Knockdown of CD-74 in the Proliferative and Apoptotic Activity of Breast Cancer Cells

Hussain Al Ssadh1, Waleed Al Abdulmonem2*, Zafar Rasheed3, Inamul Hasan Madar4, Jamila Alhoderi1, Samah K. Nasr Eldeen 5,6, Ali Alradhwan7, Noura Alasmael8, Abdullah Alkhamiss2, Nelson Fernández1

1School of Biological Sciences, University of Essex, Colchester, UK; 2Department of Pathology, College of Medicine, Qassim University, Qassim, Saudi Arabia; 3Department of Medical Biochemistry, College of Medicine, Qassim University, Saudi Arabia; 4Department of Biotechnology and Genetic Engineering, Bharathidasan University, Tiruchirappalli, India; 5Clinical Laboratory Sciences, Inaya Medical College, Riyadh, Saudi Arabia; 6Central Laboratories, Egyptian Ministry of Health, Tanta, Egypt; 7Biochemistry Department, College of Medicine, Imam Abdulrahman Bin Faisal University, Saudi Arabia; 8College of Medicine, King Saud University, Saudi Arabia

Abstract

Background

The cluster of differentiation (CD) 74 is known for its immunological functions and its elevated level was reported in various cancer cells.

The aim of the present study was to investigate the expression and potential roles of CD74 in the proliferative and apoptotic activity of breast cancer.

Methods

Expression of CD74, macrophage migration inhibitory factor (MIF) and CD44 was assayed in CAMA-1 and MDA-MB-231 cell lines using flow cytometry.

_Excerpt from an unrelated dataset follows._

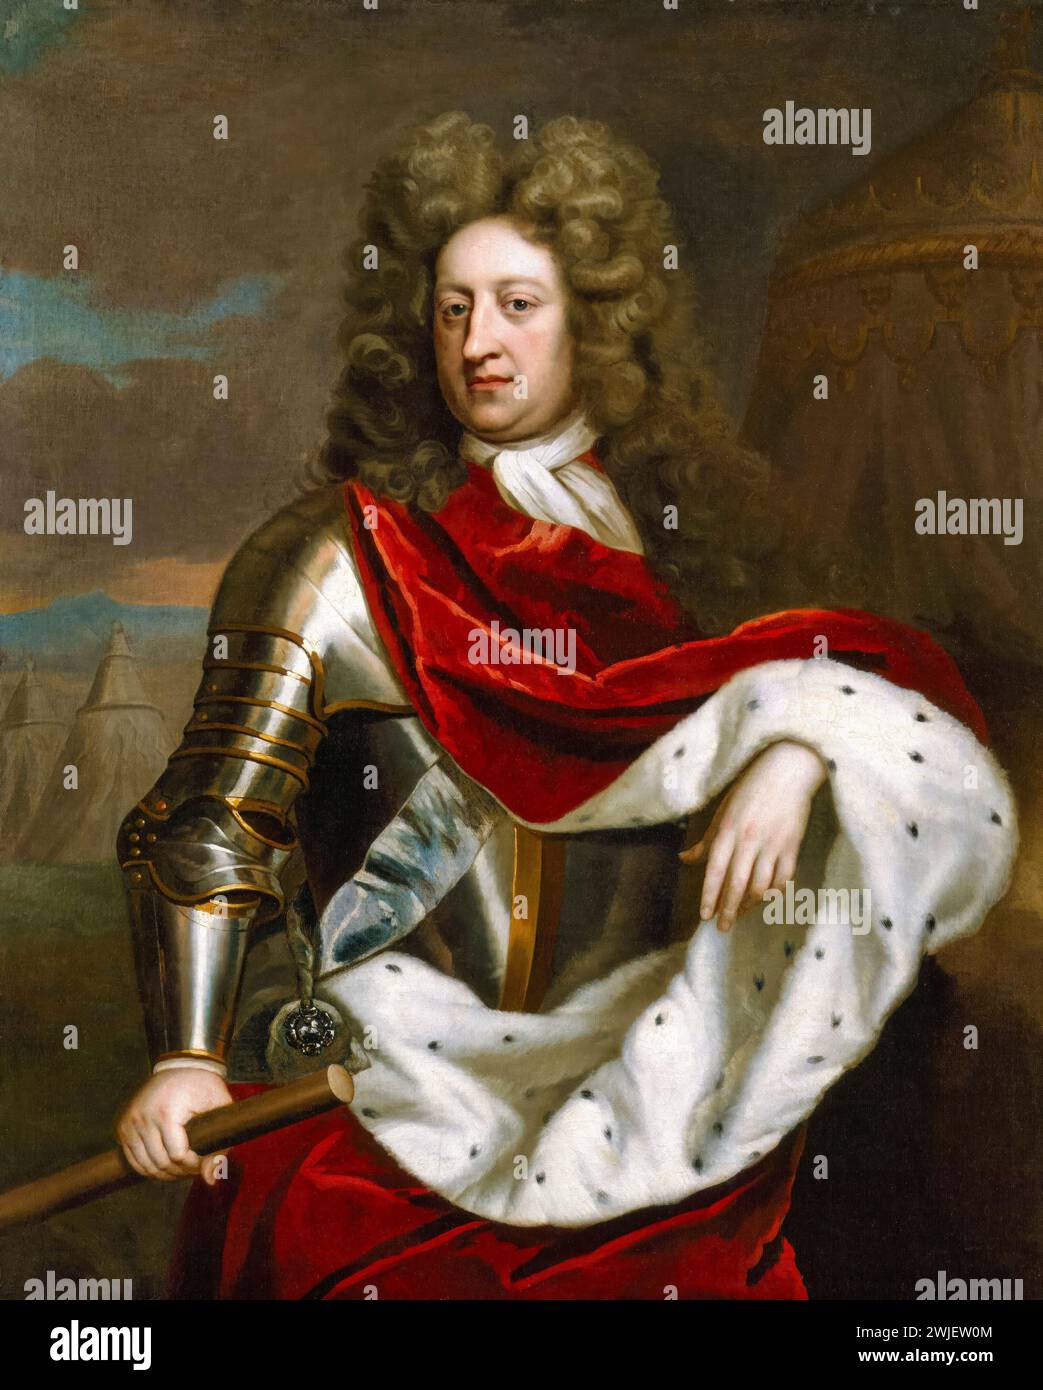 Principe Giorgio di Danimarca (1653-1708), duca di Cumberland, consorte della regina Anna d'Inghilterra (poi Gran Bretagna), ritratto dipinto ad olio su tela dopo Michael Dahl, circa 1705 Foto Stock
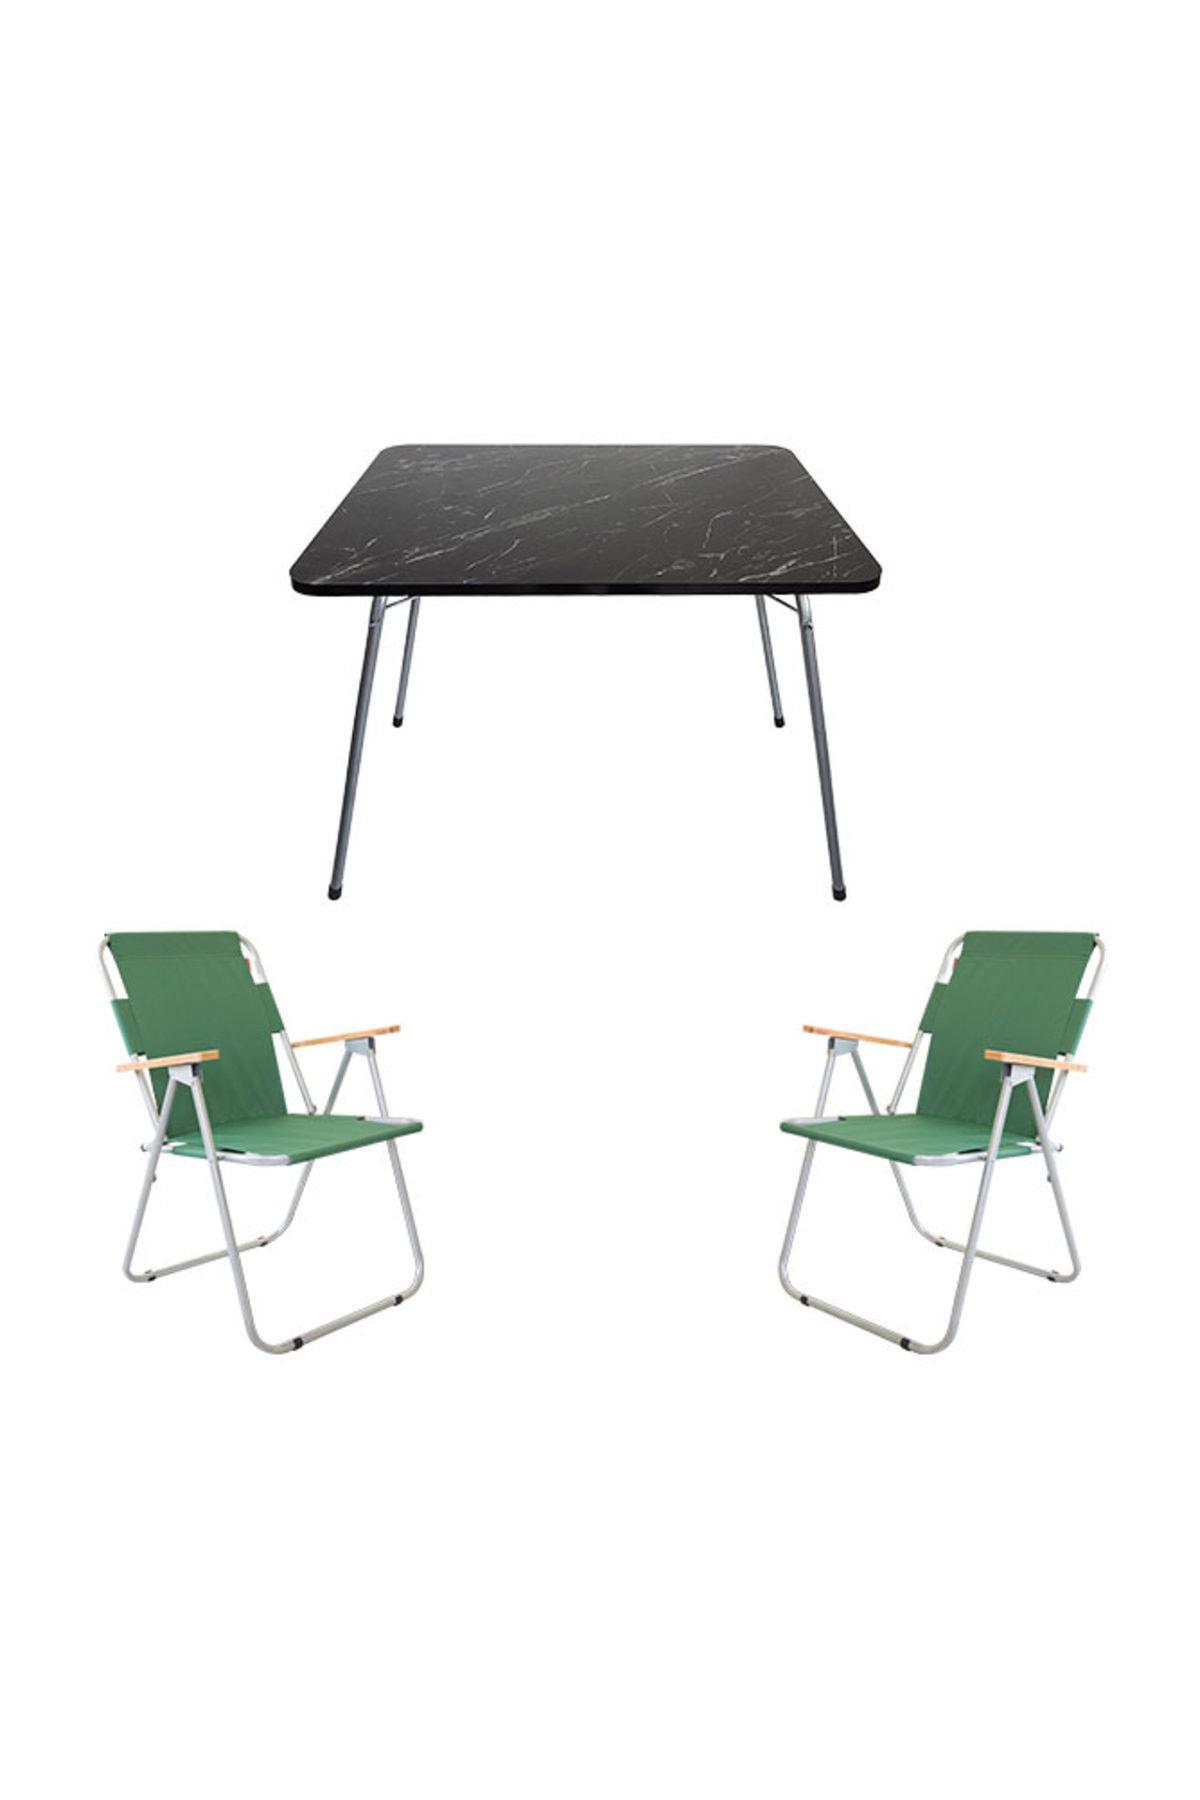 Bofigo 60 x 80 cm Tabureli Çantalı Dikdörtgen Granit Katlanır Kamp Masası Siyah + 2 Adet Katlanır Sandalye Yeşil

CD74 was knocked down using CD74 siRNA-transfection in CAMA-1, and MDA-MB-231 cells and proliferation and apoptosis were determined in the transfected breast cancer cells.

Results

The data showed that CD74, MIF and CD44 were expressed in breast cancer cell lines and were associated with cell proliferation and apoptosis. Correlation analysis revealed that CD74 was positively correlated and colocalised with MIF on the cell-surface of CAMA-1 and MDA-MB-231. The knockdown of CD74 significantly reduced CAMA-1 and MDA-MB-231 cell proliferation and increased the level of apoptotic cells.

Conclusions

In conclusion, it was observed that the interaction of MIF with CD74 CD44 could be a potential tumor marker for breast cancer cells. Moreover, level of co-expression of MIF and CD74 could be a surrogate marker for the efficacy of anti-angiogenic drugs, particularly in breast cancer tumors. Also, knockdown of CD74 by CD74 siRNA significantly reduced CAMA-1 and MDA-MB-231 cell proliferation and increased the level of apoptotic cells.